If we now integrate y from 0 to 1, we get the following area,
Thus, we can write,
$\int\limits_{x=0}^{x=1}{ydx}=\int\limits_{x=0}^{x=1}{\left( 1-\dfrac{1}{2}{{x}^{2}}-\dfrac{1}{8}{{x}^{4}}-\dfrac{1}{16}{{x}^{6}}-\dfrac{5}{128}{{x}^{8}}+...\infty \right)}dx$
$\Rightarrow \dfrac{\pi }{4}=\left( x-\dfrac{1}{2}\dfrac{{{x}^{3}}}{3}-\dfrac{1}{8}\dfrac{{{x}^{5}}}{5}-\dfrac{1}{16}\dfrac{{{x}^{7}}}{7}-\dfrac{5}{128}\dfrac{{{x}^{9}}}{9}+...\infty \right)_{x=0}^{x=1}$
$\Rightarrow \dfrac{\pi }{4}=\left( 1-\dfrac{1}{6}-\dfrac{1}{40}-\dfrac{1}{112}-\dfrac{5}{1152}-...\infty \right)$
$\Rightarrow \pi =4\left( 1-\dfrac{1}{6}-\dfrac{1}{40}-\dfrac{1}{112}-\dfrac{5}{1152}-...\infty \right)$
We can use this arithmetic expression to evaluate the value of $\pi $ with great precision.

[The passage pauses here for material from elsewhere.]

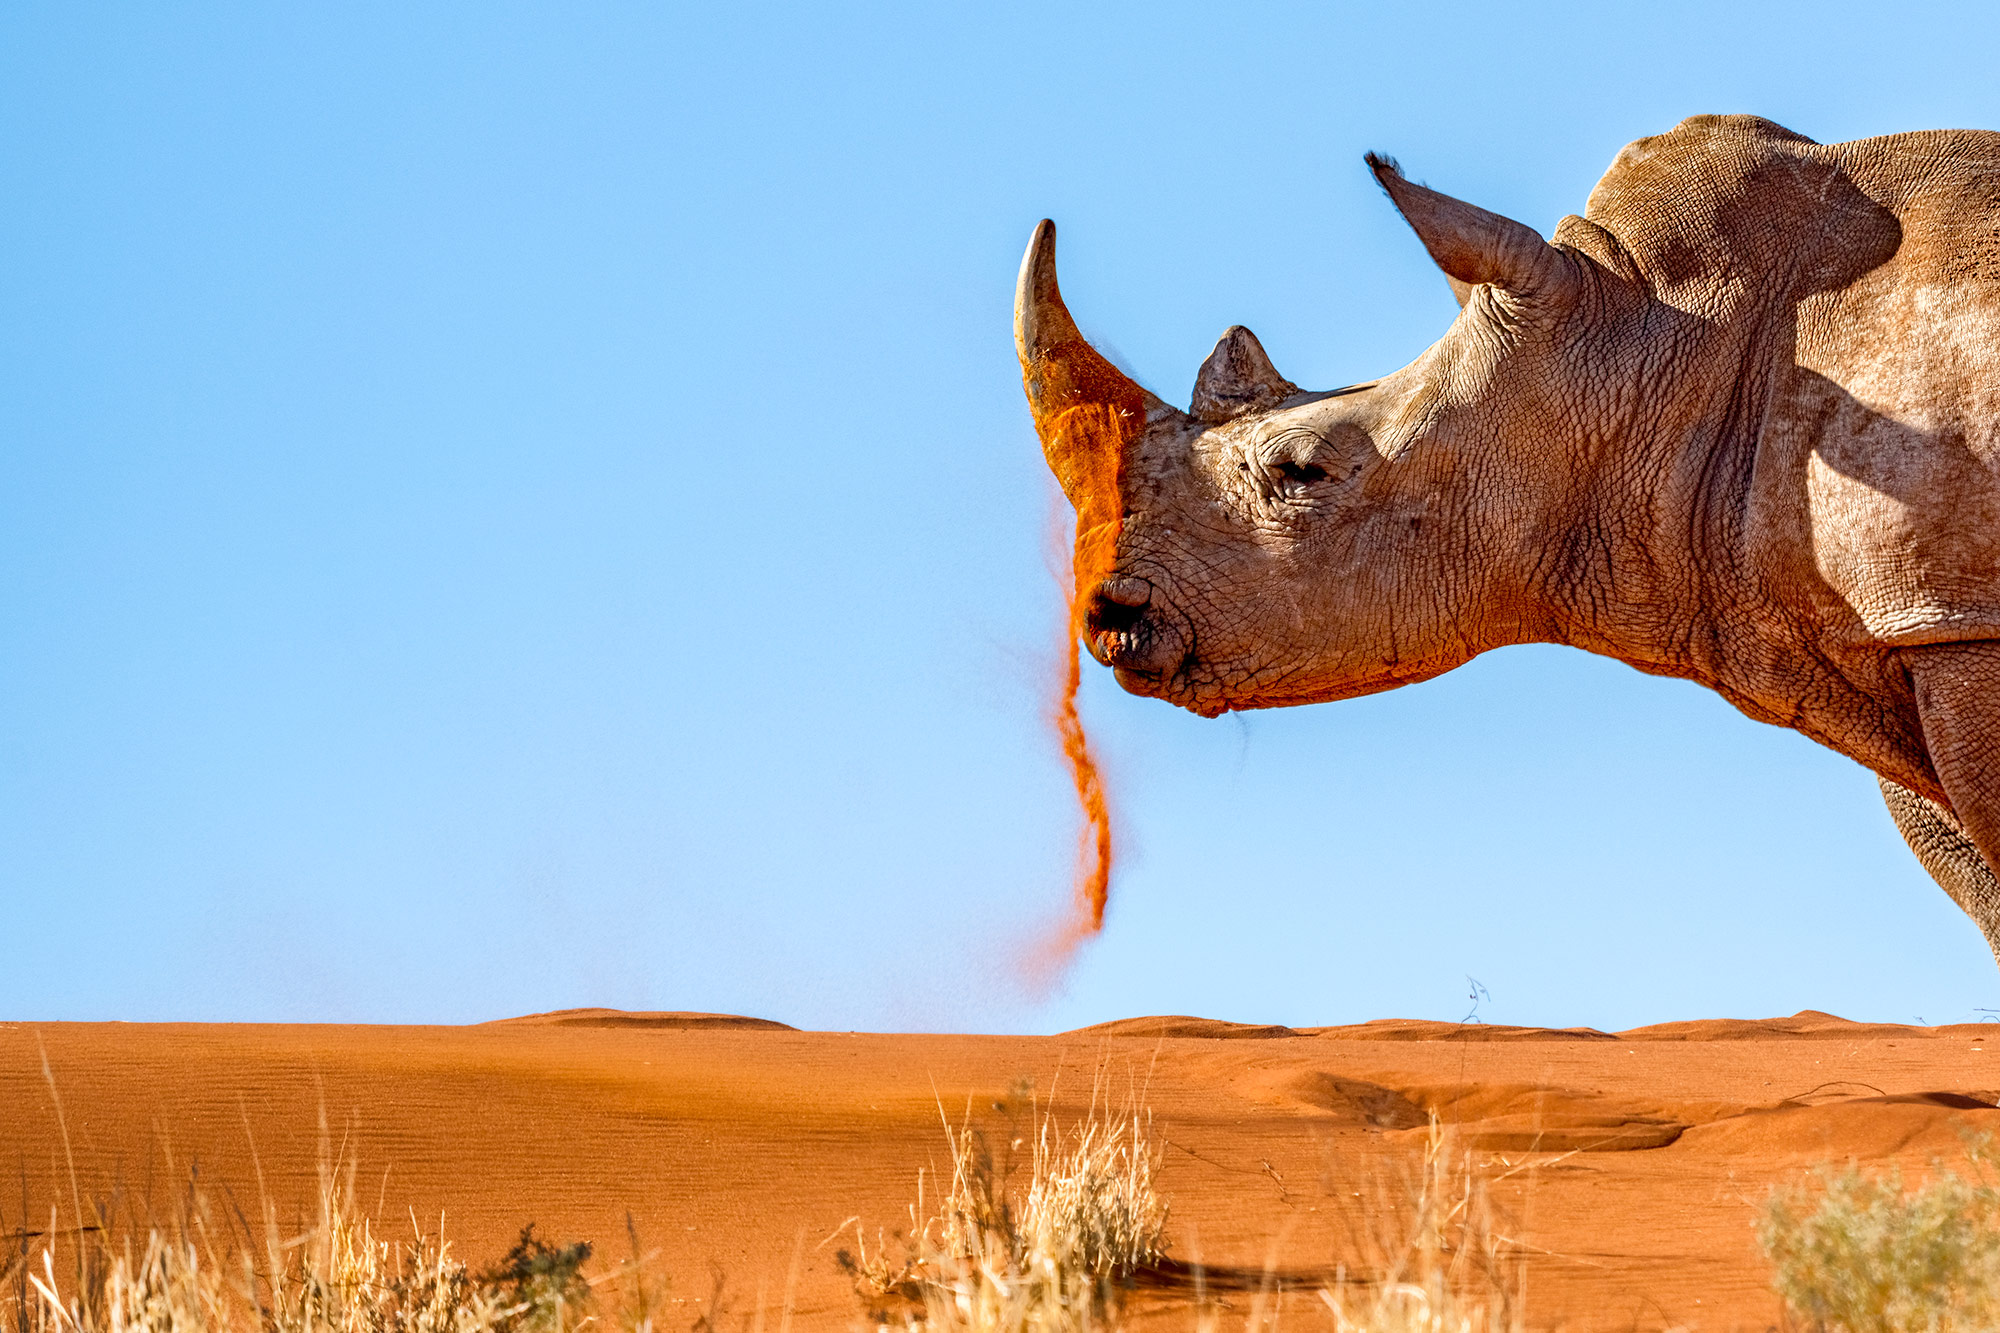 Nashorn mit Sand auf seinem Horn. Fotografiert von Benny Rebel auf einer Fotoreise durch Namibia.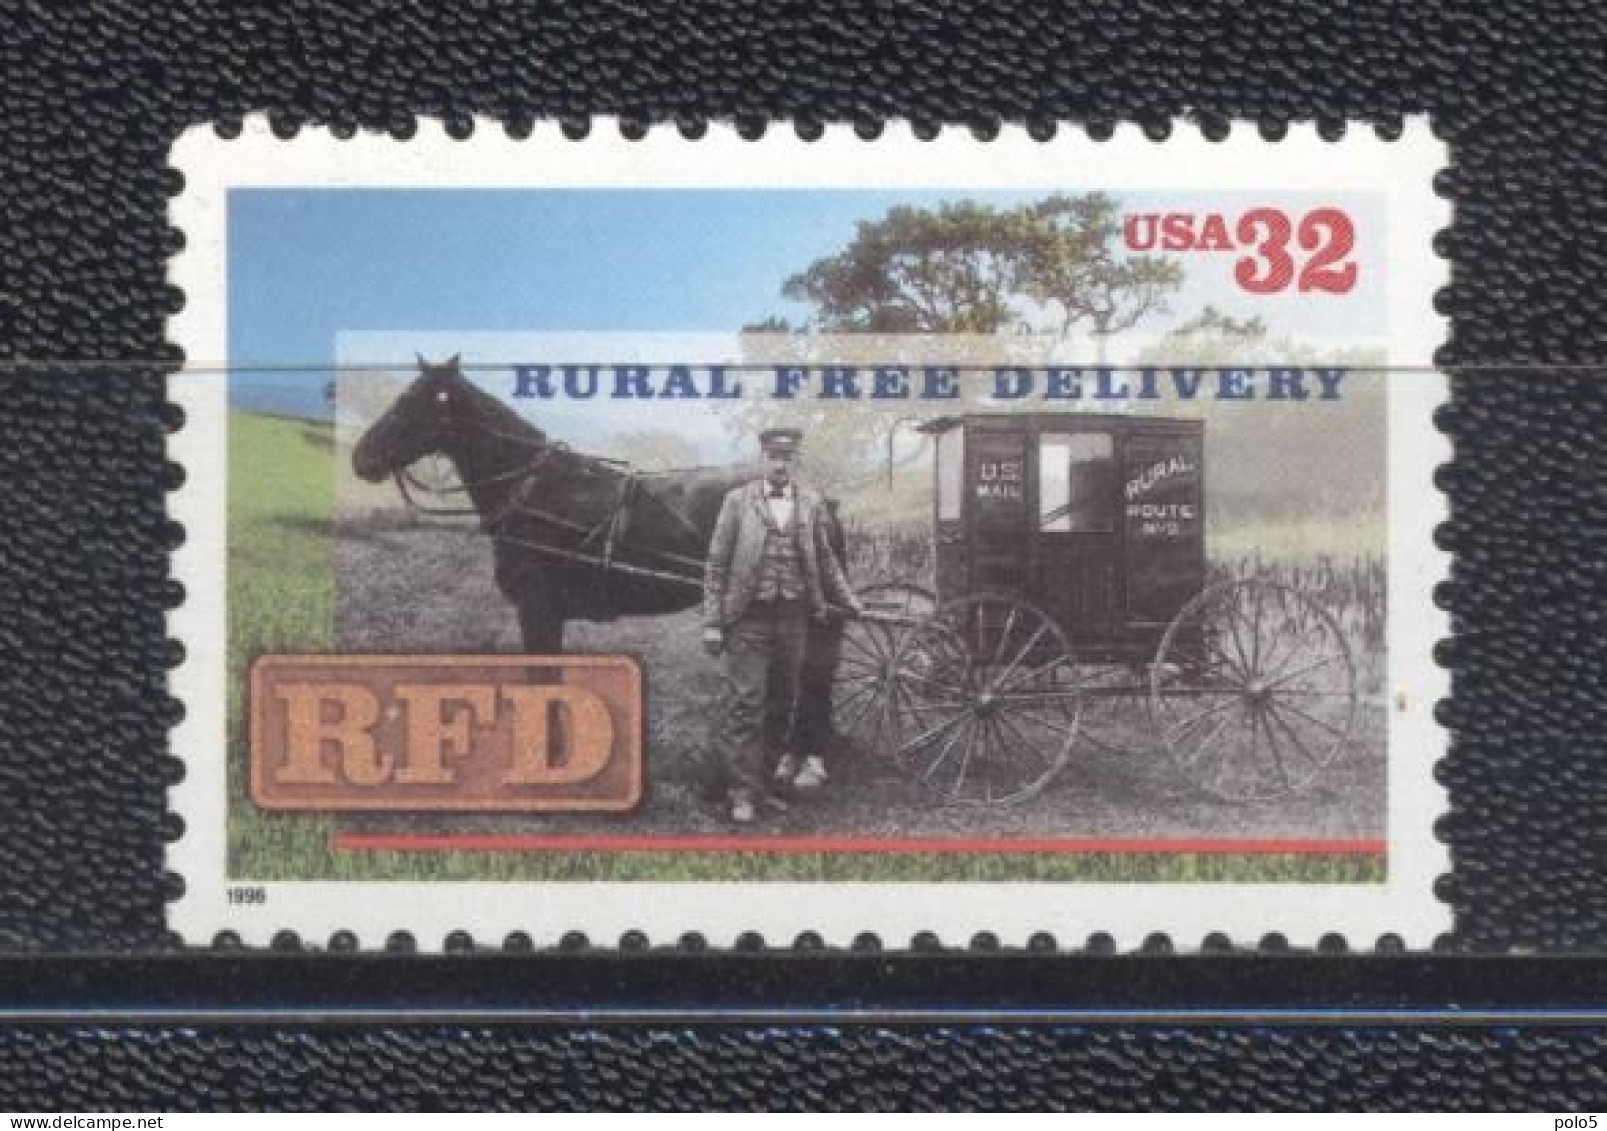 USA 1996- Rural Free Delivery Set (1v) - Unused Stamps

We need the first 100 digits of $\pi $ , which will take at least a few days for us to solve. But ultimately, we can get our value of $\pi $ with hundred digits, and it will look exactly like this,
$\begin{align}
  & \pi =3.1415926535\text{ }8979323846\text{ }2643383279\text{ }5028841971\text{ }6939937510\text{ } \\
 & 5820974944\text{ }5923078164\text{ }0628620899\text{ }8628034825\text{ }342117067 \\
\end{align}$

Note: We must remember that $\pi $ is a non-repeating non-terminating irrational number. Therefore, it is impossible to list, or even find all digits of the number $\pi $ . We must not ignore the fact that the traditional Binomial theorem is applicable only when n is a natural number.